Oppure Sergej Ivanov, ricomparso la scorsa estate a fianco di Putin, di cui era braccio destro ai tempi dei servizi segreti, dopo aver passato una stagione congedato o ‘congelato’ ad appena 63 anni. Un nome su tutti? Igor Sechin capo di Rosneft, la più grande compagnia petrolifera di proprietà in maggioranza del governo russo dopo aver acquisito all’asta le attività della Yukos. Yukos acquisita dopo l’incarcerazione di uno dei 7 robber barons Mikhail Khodorkovsky quando Igor Sechin era capo di gabinetto e braccio operativo di Putin volto a smantellare il potere degli oligarchi.
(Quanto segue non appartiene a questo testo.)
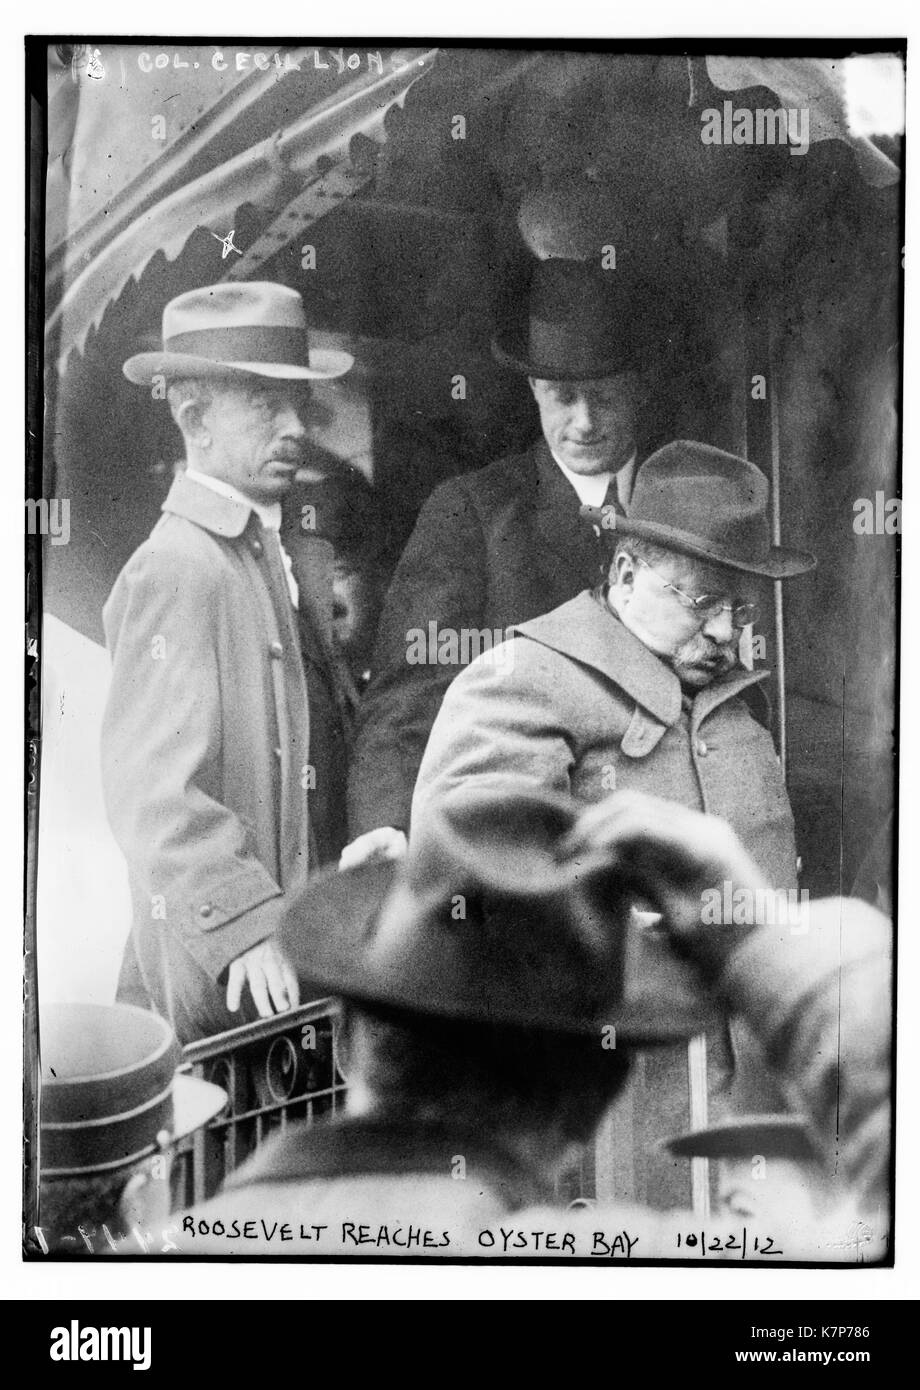 Photo shows President Teddy Roosevelt getting off a train at Oyster Bay, Long Island, following an assassination attempt by John F. Schrank. Col. Cecil Lyons is behind him on the train. 10/22/12. Stock Photo
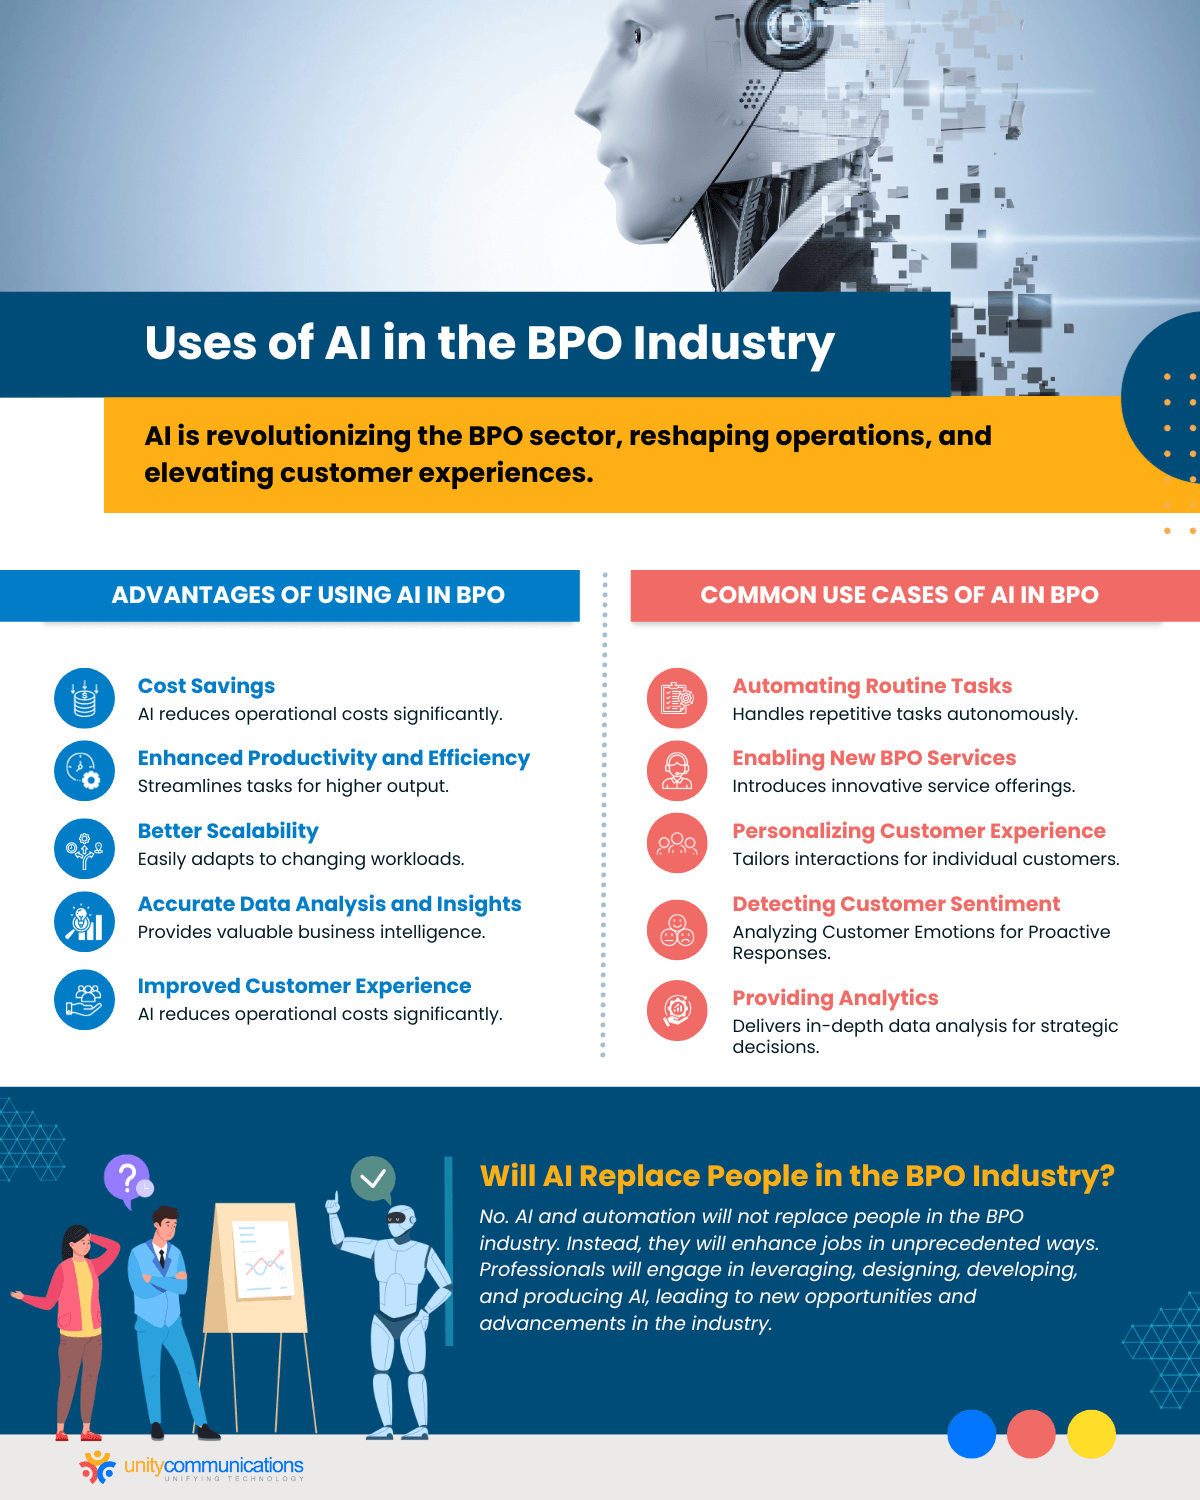 Uses of AI in the BPO Industry

Ma forse per trovare l’erede di Putin dobbiamo calarci dentro alla cosiddetta grande Madre Russia e ai suoi tanti “cognomi”. Guardiamo al cognome Medvedev, come Dimitrj l’ex presidente protagonista dell’arrocco: la sua radice richiama la parola “orso”, figura evocativa in Russia – l’Orso Russo – che ne delinea la resistenza, la resilienza tipica del suo popolo, anzi dei suoi popoli. Oppure Miller, cognome del CEO di Gazprom, che ci riporta a storie di vecchie migrazioni ebraiche dal centro est Europa in Russia; o leggende di mercenari di origine tedesca assoldati nei cosacchi dello Zar per la loro assoluta fedeltà.
E se parliamo dello Zar torniamo ai “Vicus”, ai principi, ai signori discendenti da Costantino Magno, e torniamo a storie e miti di Madre Russia: la parentela stretta dei Romanov con il clan Putyantins.
Non si può parlare di Zar senza evocare la rivoluzione di ottobre, che ha avuto come strascico la disputa condotta da un Principe, l’ultimo dei Romanov, Dimitri, che intentò decenni di cause legali con la City per riportare il tesoro dei Romanov in Russia. Ci riuscì solo nel 2014, e Vladimir Putin forse per questo lo ricevette come un patriota al Cremlino. E quando morì gli furono concessi i funerali di Stato.
Londra, le ex spie, i signori della City, il Brent, i seven robbers barons richiamano le proposte di Putin ai 60 uomini d’affari, capi di aziende pubbliche e private, banche e organizzazioni pubbliche che hanno preso parte all’incontro annuale attorno al tavolone della sala reale del Cremlino: sono misure adeguate al ritorno dei capitali nella giurisdizione Russa? Sempre il denaro è la risposta, il resto è solo conversazione.